_DIRECTIONS:_ Where the listing below has a line with "ADMISSION IS OPEN!", write out exactly that line and every line after it, stopping after the line with "Baby Bib Adjustable".

_AVAILABLE DATA:_
============

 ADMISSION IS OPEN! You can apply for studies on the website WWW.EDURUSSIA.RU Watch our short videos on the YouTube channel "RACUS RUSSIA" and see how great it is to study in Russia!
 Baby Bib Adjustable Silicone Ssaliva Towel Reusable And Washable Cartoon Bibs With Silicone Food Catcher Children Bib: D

============

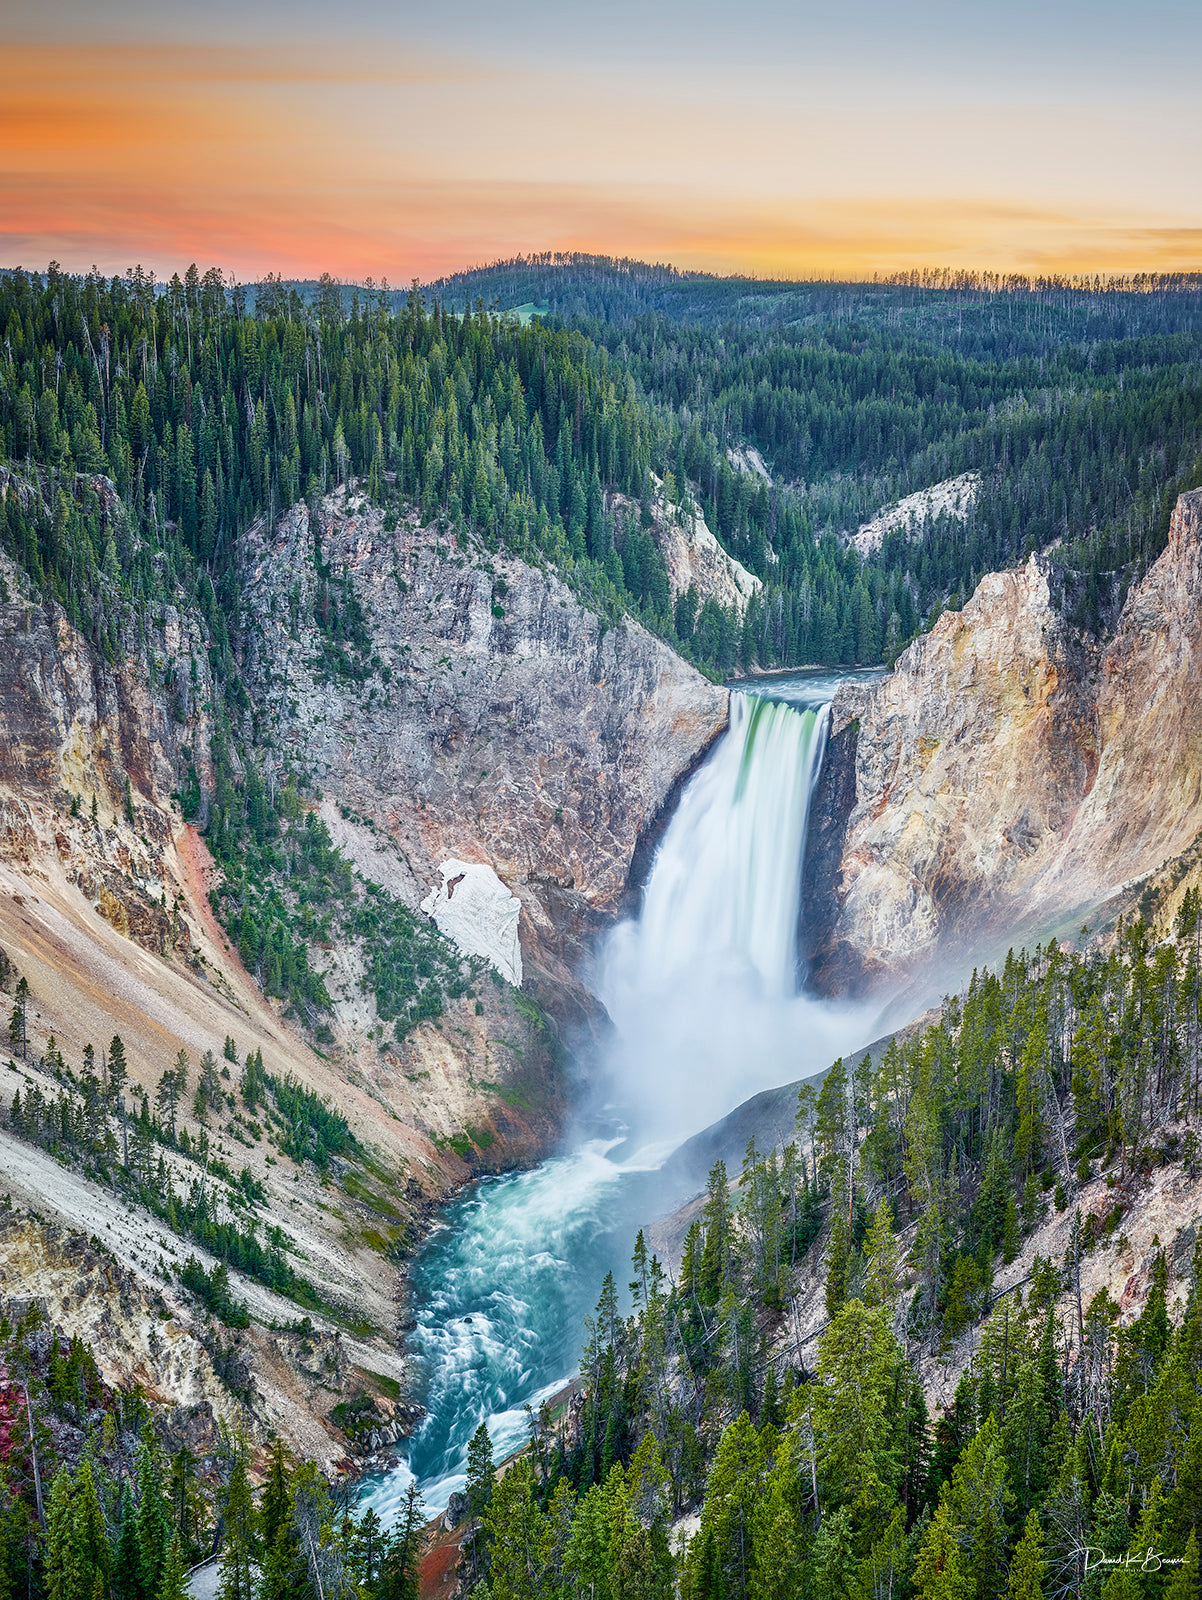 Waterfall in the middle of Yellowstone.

============

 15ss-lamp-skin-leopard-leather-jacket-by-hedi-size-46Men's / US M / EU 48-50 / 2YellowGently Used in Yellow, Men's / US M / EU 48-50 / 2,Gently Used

============

_THE COMPLETED TASK:_
 ADMISSION IS OPEN! You can apply for studies on the website WWW.EDURUSSIA.RU Watch our short videos on the YouTube channel "RACUS RUSSIA" and see how great it is to study in Russia!
 Baby Bib Adjustable Silicone Ssaliva Towel Reusable And Washable Cartoon Bibs With Silicone Food Catcher Children Bib: D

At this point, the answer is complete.